Using our fragment-based lead discovery platform [32,33], we screened 89 cocktails with 10 compounds each against the AF9 YEATS domain using NMR ligand-observed spectra, i.e., Saturation Transfer Difference (STD), WaterLOGSY, and Carr–Purcell–Meiboom–Gill (CPMG) [34,35,36] (Figure 1A). In principle, only compounds that bind will show signals in the STD spectrum. Accordingly, WaterLOGSY and CPMG spectra will show inverted or remarkably reduced intensity relative to that of the nonbinding compounds. This primary screening identified 28 cocktails with binding signatures. The cocktail was then deconvoluted through screening of feasible hits as a singleton.

Figure 1

Fragment-based screening against the AF9 YEATS domain. (A) NMR fragment-based screening spectra for a typical cocktail and the identified hits of AF9 YEATS in a phosphate buffer. The reference 1H spectrum was acquired in 50% H2O/50% D2O. (B) The chemical shift perturbations of the 15N-labeled AF9 YEATS induced by hit 2. The ligand/protein molar ratios are annotated. (C) The residue-by-residue chemical shift changes of the AF9 YEATS domain at a 4-fold excess of hit 2. The dashed line represents two standard deviations above the average of the chemical shift perturbations. (D) The binding topology of 2 mapped on the surface of AF9 YEATS (PDB code: 4TMP).
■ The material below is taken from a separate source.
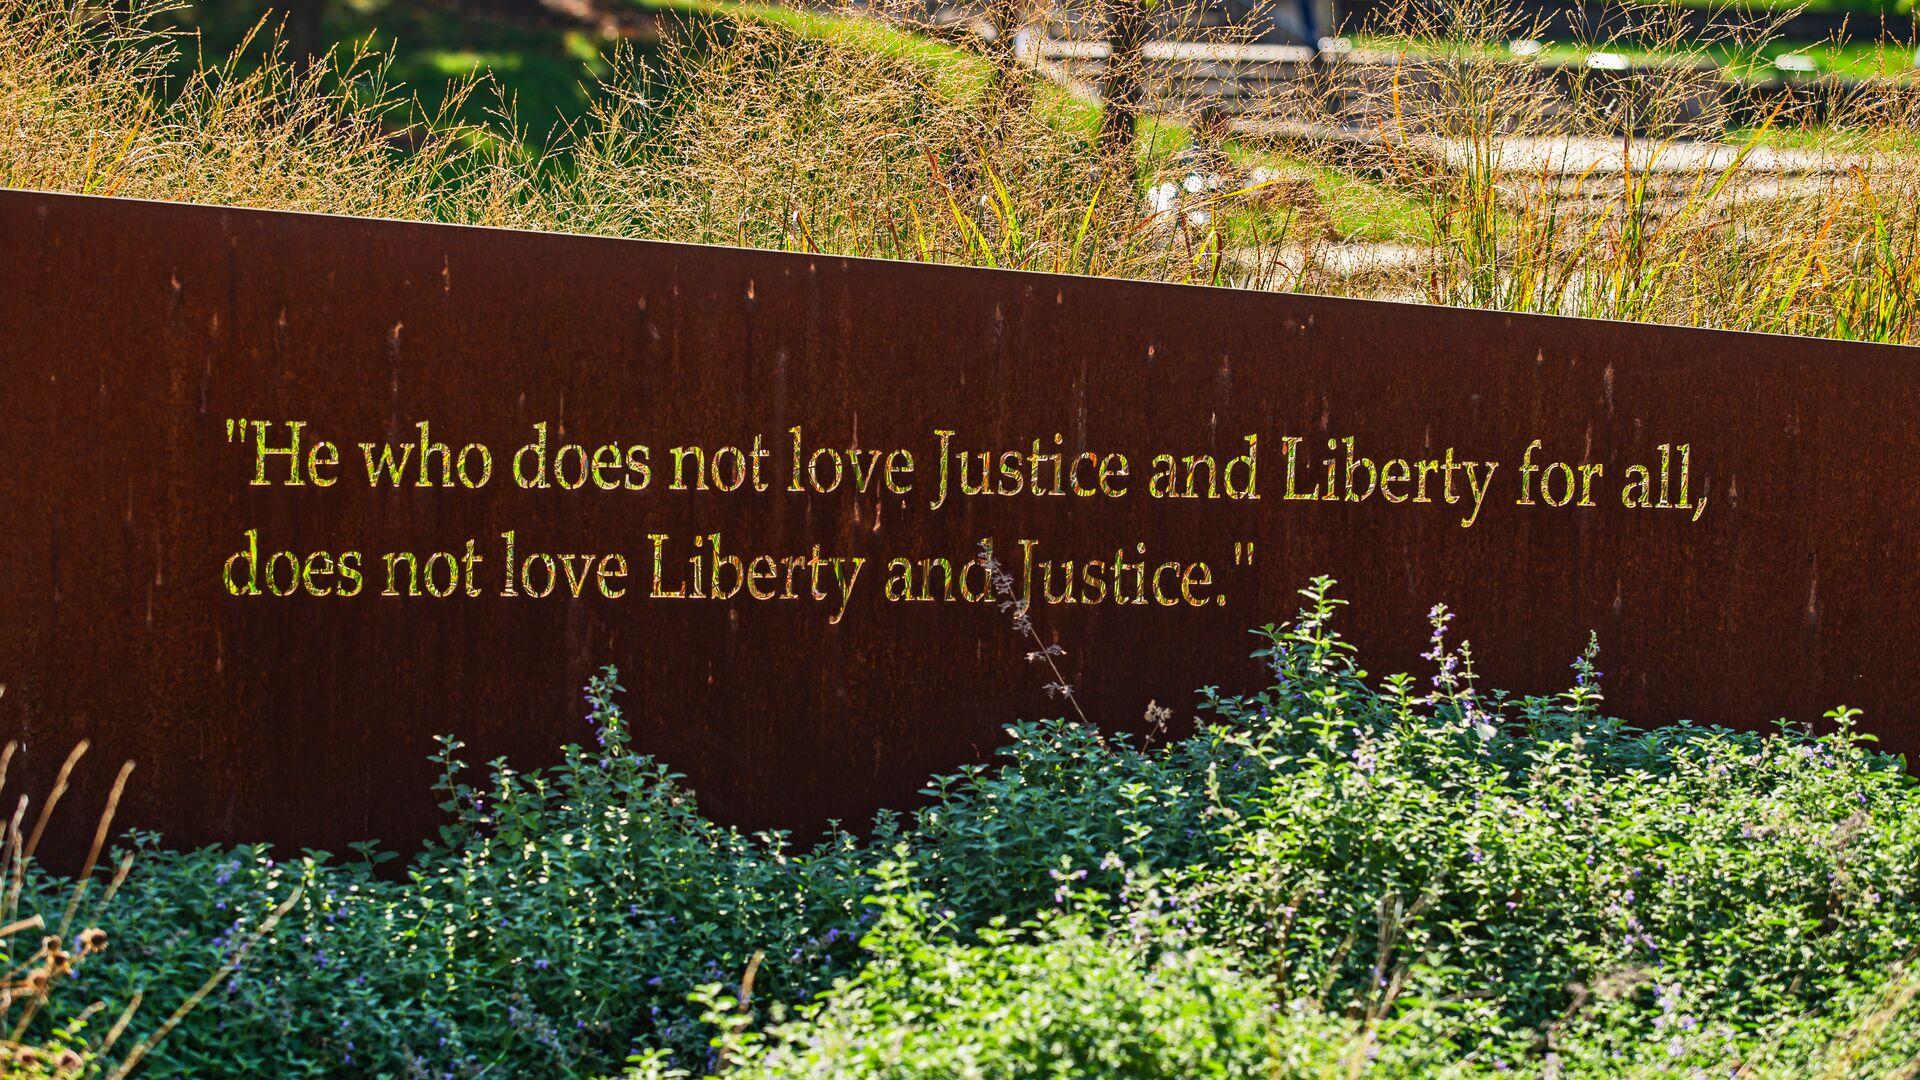 Quote inscribed into a wall: "He who does not love Justice and Liberty for all, does not love Liberty and Justice."
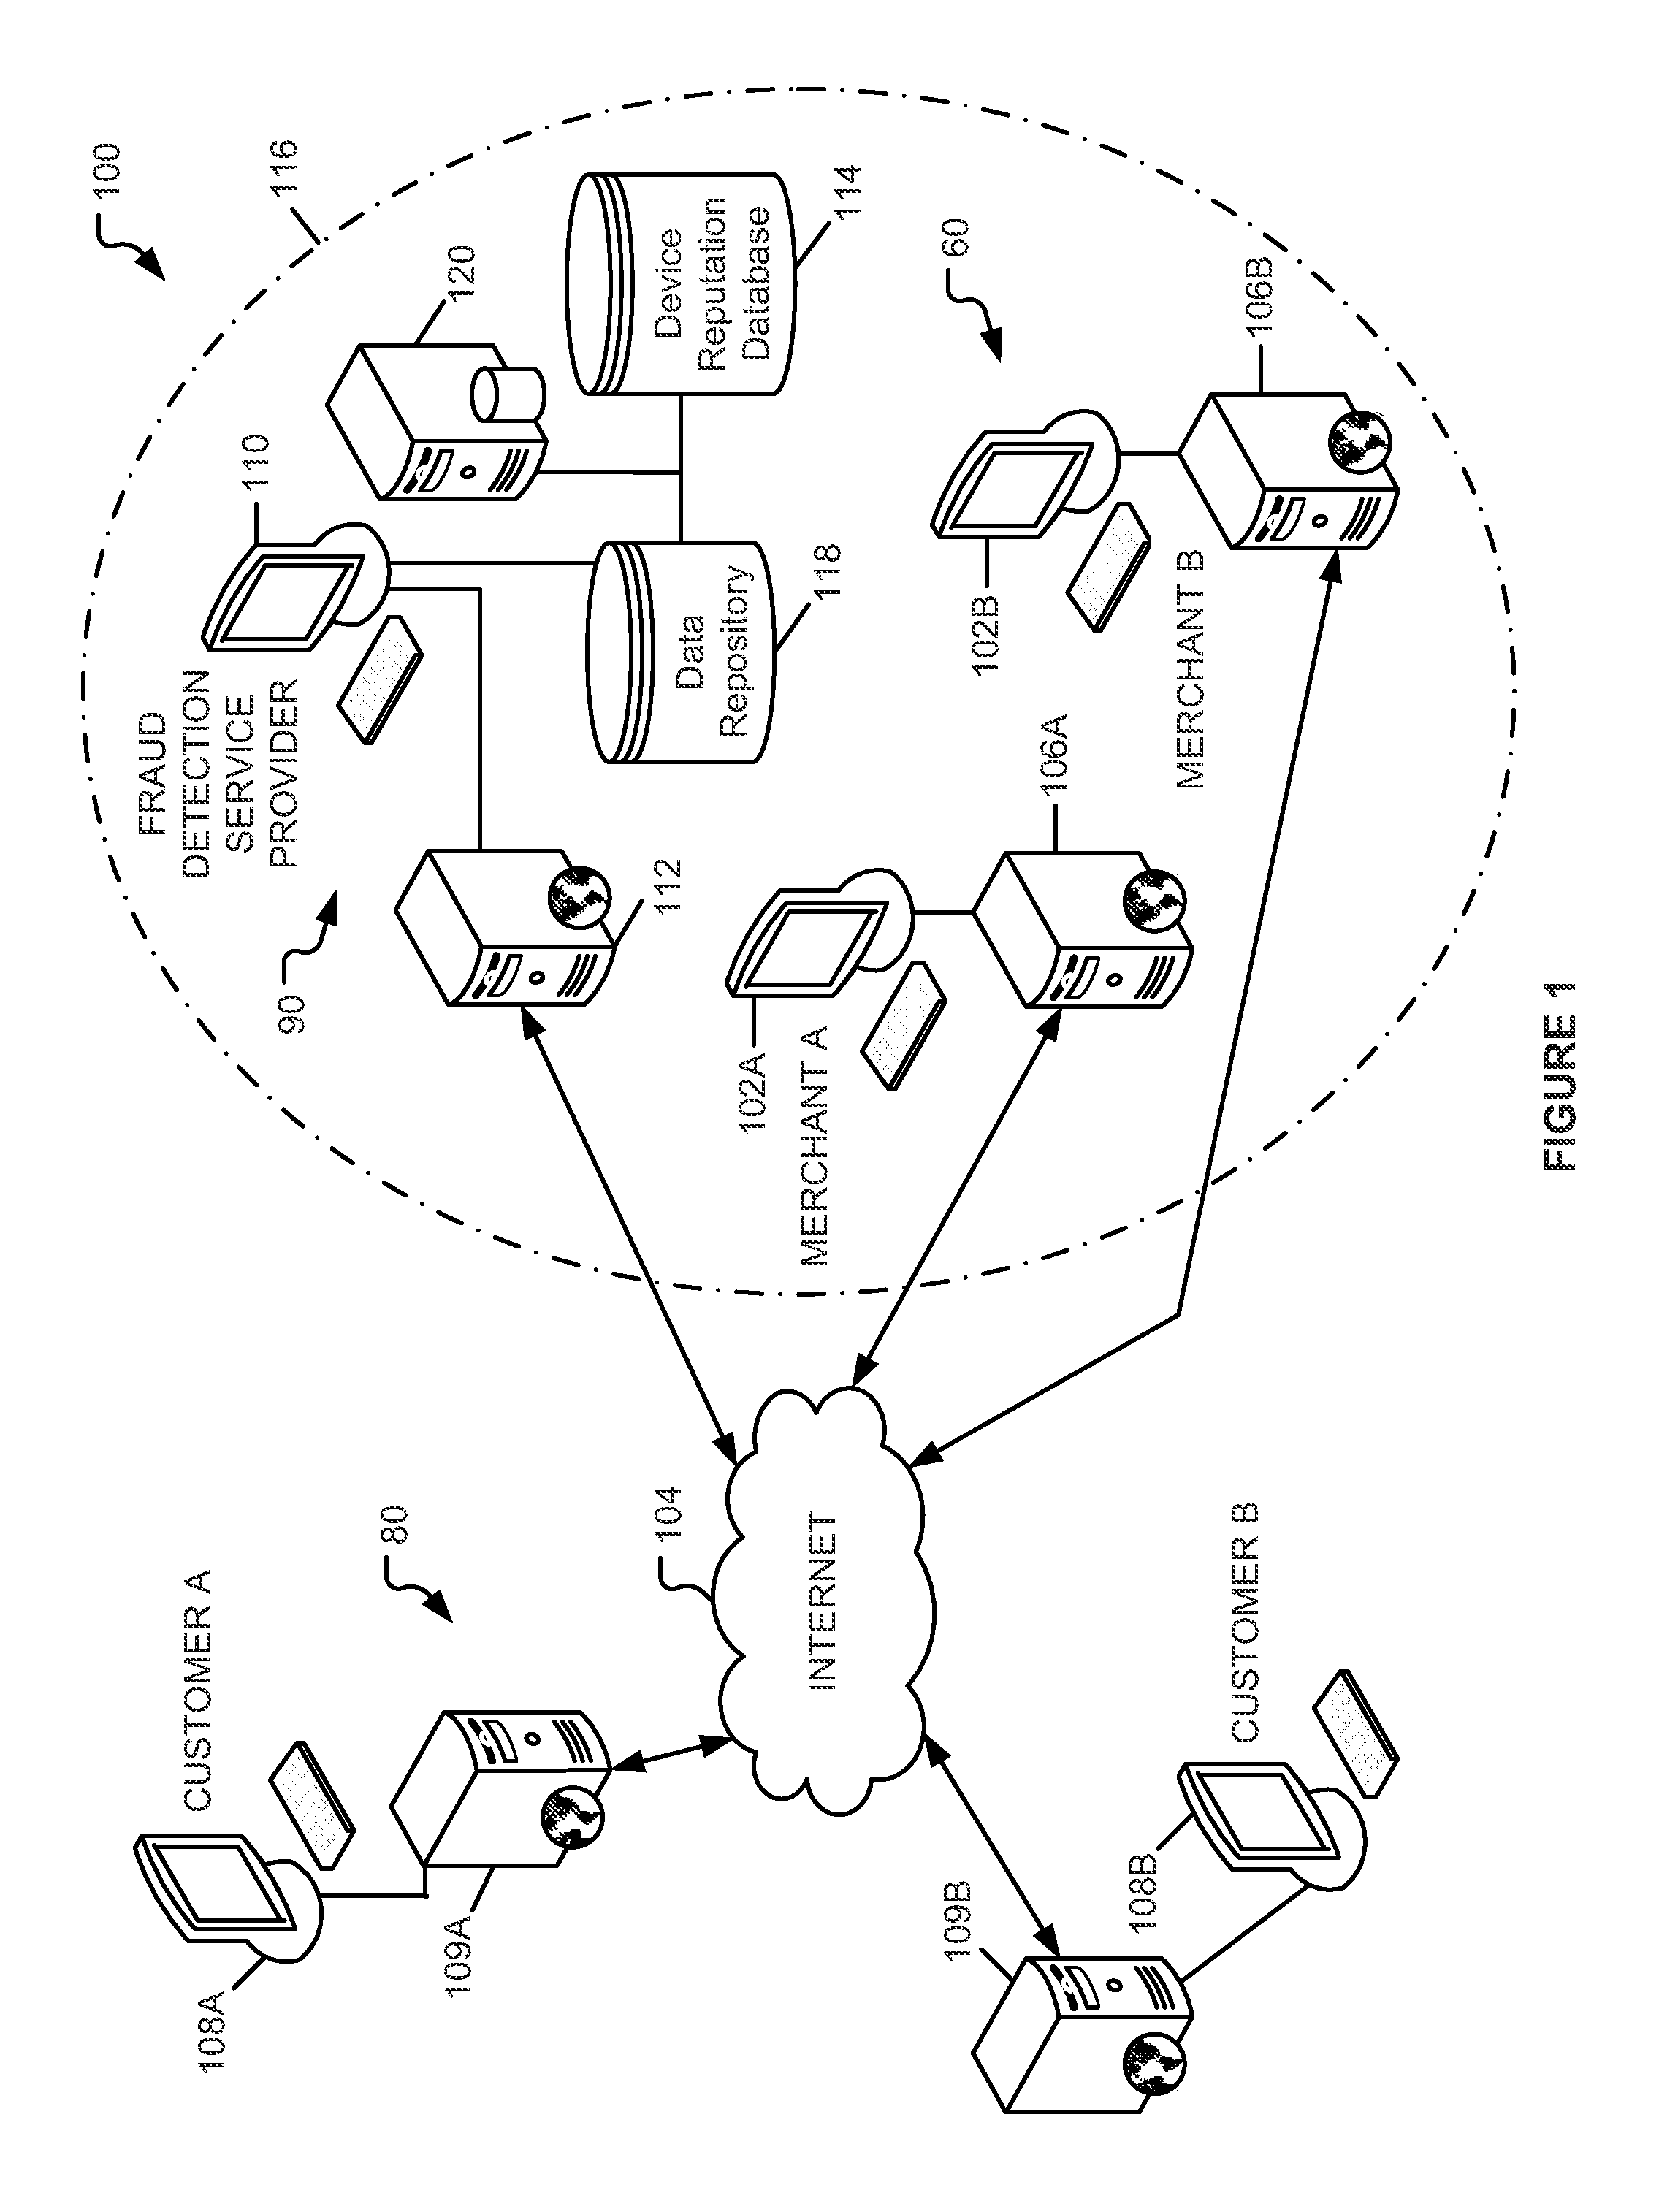 System and method for evaluating risk in fraud prevention

Residues of significant chemical shift changes are colored yellow. (E) The binding affinity of 2 derived from best fitting of the dose-dependent chemical shift changes of AF9 YEATS. The Kd value with a fitting error is annotated. (F) The binding enthalpy and affinity of AF9 YEATS and 2 determined by isothermal titration calorimetry, assuming a 1:1 binding mode.

To further validate the results of ligand-observed fragment-based screening, we titrated these hits with the 15N-labeled AF9 YEATS domain (Figure 1B). The backbone chemical shift assignment was retrieved from the literature [7]. Four hits demonstrated significant chemical shift perturbations (CSPs) of at least two residues. The residue-by-residue CSPs suggested that hit 2 bound to a pocket proximal to residues E57, E75, Y78, and A79 (Figure 1C). These residues were then mapped to the surface of the crystal structure of the AF9 YEATS domain in complex with H3K9ac [10] (PDB code: 4TMP), which indicated the binding of these hits to the same pocket for acyl-lysine recognition (Figure 1D). The binding affinity of hit 2 was then determined by best fitting the dose-dependent CSPs of these residues (Figure 1E) at 0.07 ± 0.01 mM (fitting error was used henceforth unless specifically annotated). The affinity of hit 2 was further validated using isothermal titration calorimetry [37] (ITC) (Figure 1F). The binding affinity of the other hits was determined using the same approach (Table 1). These four hits probably bound to the same pocket since they shared the same pharmacophore.

Table 1

Structure and affinities of fragment-derived inhibitors of the AF9 YEATS domain.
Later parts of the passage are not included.